Взгляд Ольги Преображенской стал жестким.
– Вы сделаете лучше, если будете просто танцевать, как вы это умеете – божественно. Для всех лучше.
Не дожидаясь ответа, она повернулась, взяла под руку Легата-старшего и пошла из зала.
Тамара Карсавина сжала локоть Павловой:
– Аня, не отвечай! И не обращай внимания.
– А я и не обращаю! – запальчиво ответила Павлова.
«Пиковая дама» прошла без танцевальных вставок – артисты балета все же бастовали.
Подошел Пресняков, показал какие-то листы:
– Вот, собрал подписи.
– Какие?
– Артисты подписали просто листы, а мы должны написать текст требований. Тех, что сегодня выдвигали.
Анну удивило, что коллеги подписали пустые листы, и одновременно обрадовало такое доверие. Видно, все очень устали обсуждать и желали только одного: чтобы все поскорей закончилось.
– Нужно немедленно сочинить текст и завтра с утра вручить его Теляковскому! Иначе мы будем выглядеть обманщиками.
Никто против такого заявления Павловой не возражал, Михаил Фокин предложил отправиться к нему и там за чаем написать требуемую бумагу. Валентин Пресняков потрясал своими записями:
– Вот! Вот все это и напишем!
У Карсавиной и Павловой блестели глаза.
– Да, конечно, напишем. Только нужно точно и жестко сформулировать.
Им было не до чая, сразу уселись за стол и принялись сочинять. Пока обсуждали в театре и по дороге на квартиру Фокина, все казалось легко и просто – вот же требования: вернуть Петипа, не увольнять Бекефи, самоуправление, то есть самим выбирать режиссеров спектаклей, самим распределять надбавки и вообще бюджет, свободный день без права вызова на спектакли, улучшение условий труда…
Но как только принялись обсуждать фразы, чтобы внести их в требования, начались сомнения.
Мариус Иванович Петипа уже в возрасте, захочет ли вернуться, чтобы снова возглавить балет Мариинки? А Бекефи, у которого на январь назначен бенефисный спектакль?
Но это бы ничего, хуже стало при обсуждении самостоятельности. Оказалось, что даже в этой группе ее понимали по-разному.
– Да! – горячилась Павлова. – Миша, ты должен стать главным балетмейстером. У тебя получится.

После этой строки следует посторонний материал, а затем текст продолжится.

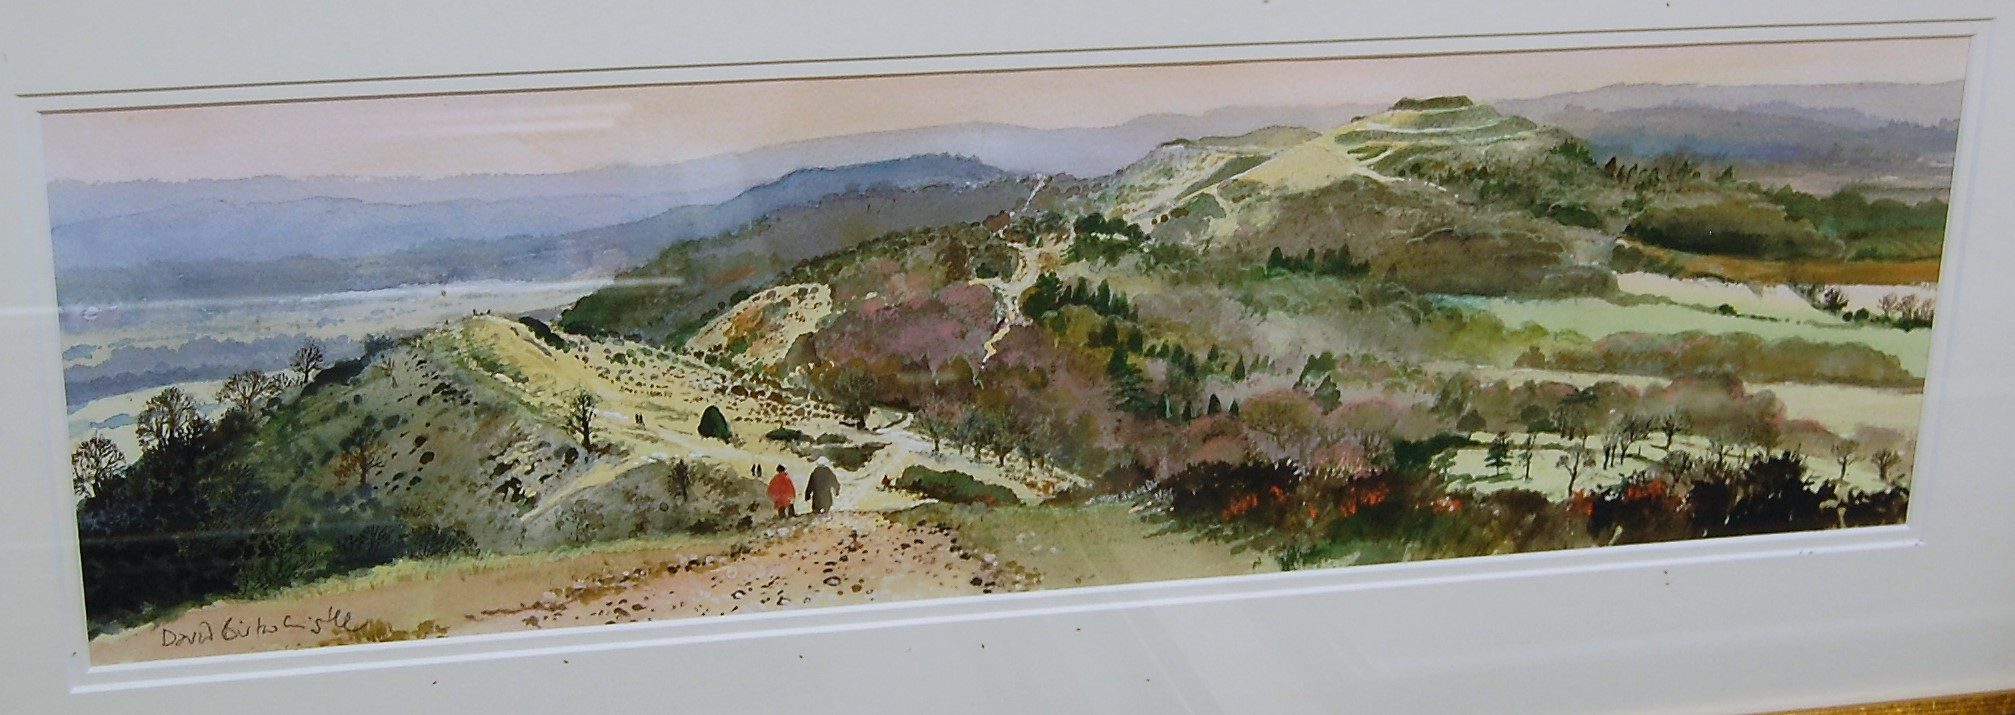 Lot 1042 - David Birtwhistle - Winter walk along the Malvern Ridge, watercolour, signed lower left, 16 x 53.

– И переделывать балеты Петипа? Увольте. А свои я и без того поставлю.
– Значит, Ширяев!
– И он не станет, Аня. К тому же это будет выглядеть так, словно мы для себя все и требовали.
Дальнейшее обсуждение и вовсе едва не перессорило самих активистов. Они не знали, как распределять надбавки, признавали, что не хотят вникать в цифры финансовых отчетов, не желали сами отвечать за распределение ролей, прекрасно понимая, что всегда найдутся недовольные, а половина кордебалета потребует ролей и себе…
Павлова горячилась:
– По таланту. – Понимая, что это несправедливо, добавляла: – Или по труду. Кто трудится больше других, и получать должен больше.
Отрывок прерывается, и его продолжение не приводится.